On 6/30/06, Ingo Molnar <[email protected]> wrote:

* Herbert Xu <[email protected]> wrote:

> >     bh_lock_sock(sk);
> > -   if (!sock_owned_by_user(sk))
> > +   if (!sock_owned_by_user(sk)) {
> > +           /*
> > +            * trylock + unlock semantics:
> > +            */
> > +           spin_release(&sk->sk_lock.slock.dep_map, 1, _RET_IP_);
> > +           mutex_acquire(&sk->sk_lock.dep_map, 0, 1, _RET_IP_);
>
> Although it would seem that keeping the spin lock would fit the actual
> semantics better. I suppose there must be a technical reason why this
> wouldn't work.

good point. The basic issue is the 'virtual lock inversion' that occurs
in the lock vs. release paths. [between taking the slock and taking the
new sk_lock type]

The situation is like this: we construct 'complex' lock types [mutex,
rwsem, sk_lock] out of 'primitive' lock types [spinlock, rwlock]. Both
the complex type and the primite types exist separately, and might have
lock-validator acquire/release operations. These locks can interact and
if we do the complex lock acquire/release while holding the primitive
lock, the validator sees inverse ordering between them.

For the mutex code i solved the inversion problem by using a
raw_spinlock for the primitive type (which has no lockdep operations),
hence the complex lock type.

But in this particular sk_lock case we can do it even more cleanly i
think and can preserve the lockdep awareness of the primitive type too:
by releasing the complex lock before taking the primitive lock in the
release_sock() unlock path. The updated patch below does this - and thus
i was able to remove the dropping of the primitive spinlock type.

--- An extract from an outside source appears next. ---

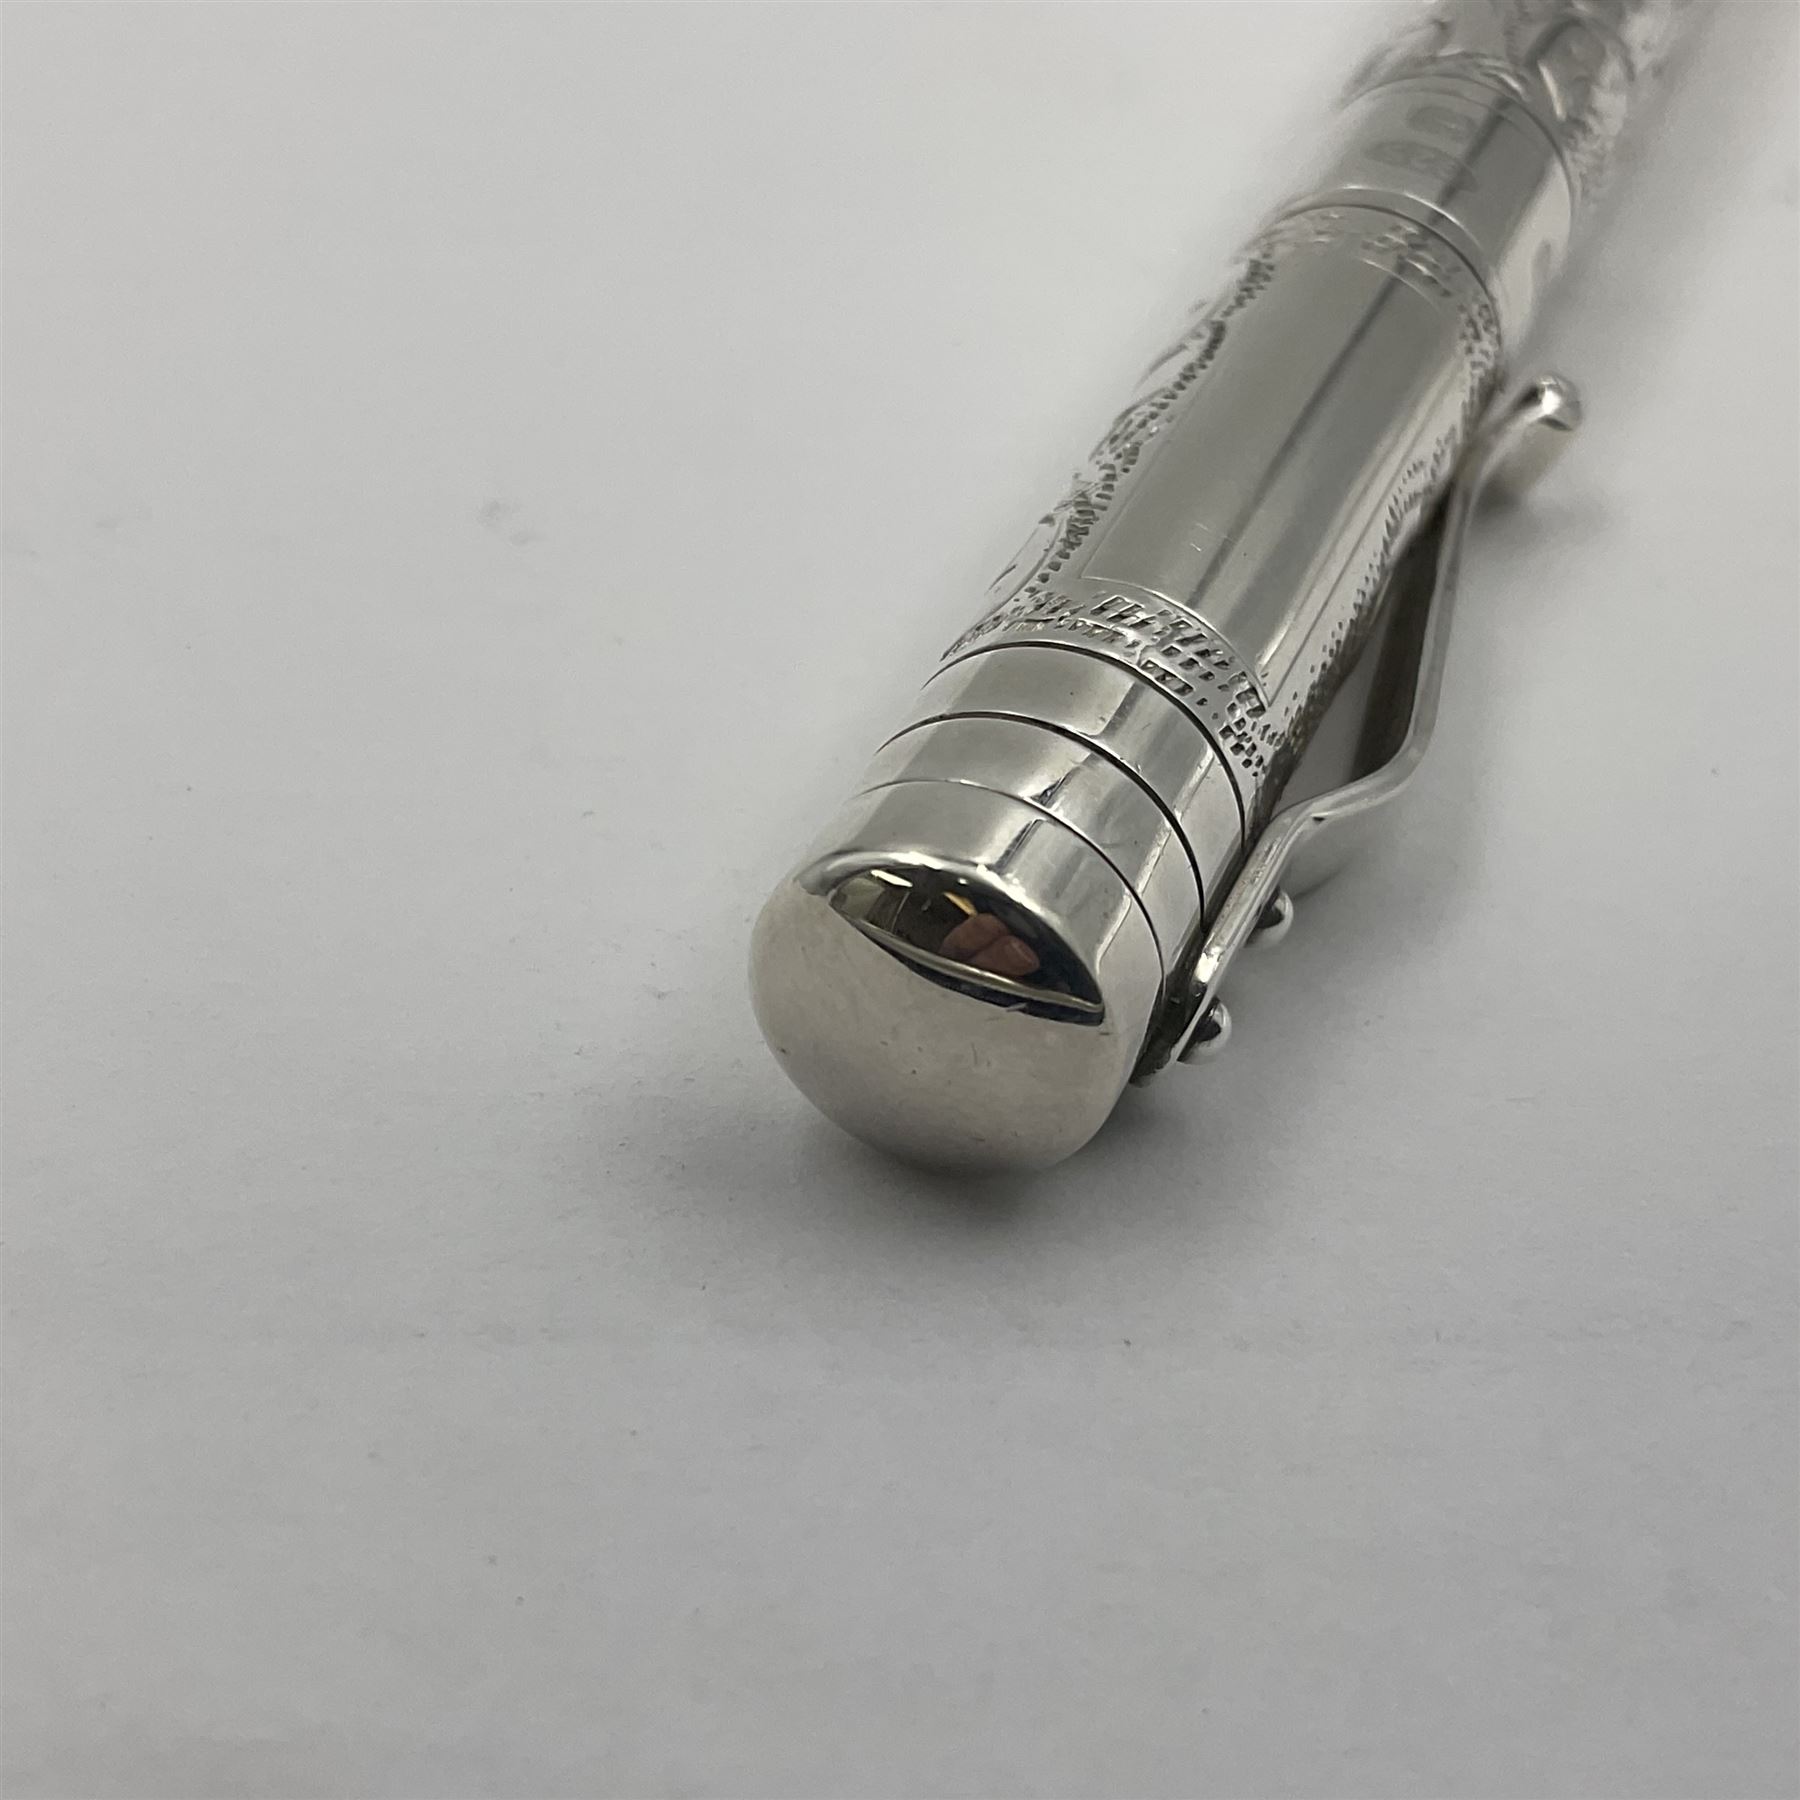 Silver Yard-o-Led Viceroy ballpoint pen - Image 14 of 16

it is not a problem that the release of the complex lock type does not
happen inside the critical section: from the point where we release the
complex lock-type _this_ context cannot take any other locks, so there
are no dependencies missed.

As you can see, the lock validator can easily cover completely new lock
types like sk_lock too, as long as the new lock type has some
minimalistic "works like a lock" properties. (such as owner-does-unlock)

later on i'll try the same cleanup for the mutex code too - it should be
possible. (that way the implementation of complex lock types can be
lock-validator checked too)

        Ingo

--------------->
Subject: lockdep, annotate sk_locks
From: Ingo Molnar <[email protected]>

Teach sk_lock semantics to the lock validator. In the softirq path
the slock has mutex_trylock()+mutex_unlock() semantics, in the
process context sock_lock() case it has mutex_lock()/mutex_unlock()
semantics.

Thus we treat sock_owned_by_user() flagged areas as an exclusion
area too, not just those areas covered by a held sk_lock.slock.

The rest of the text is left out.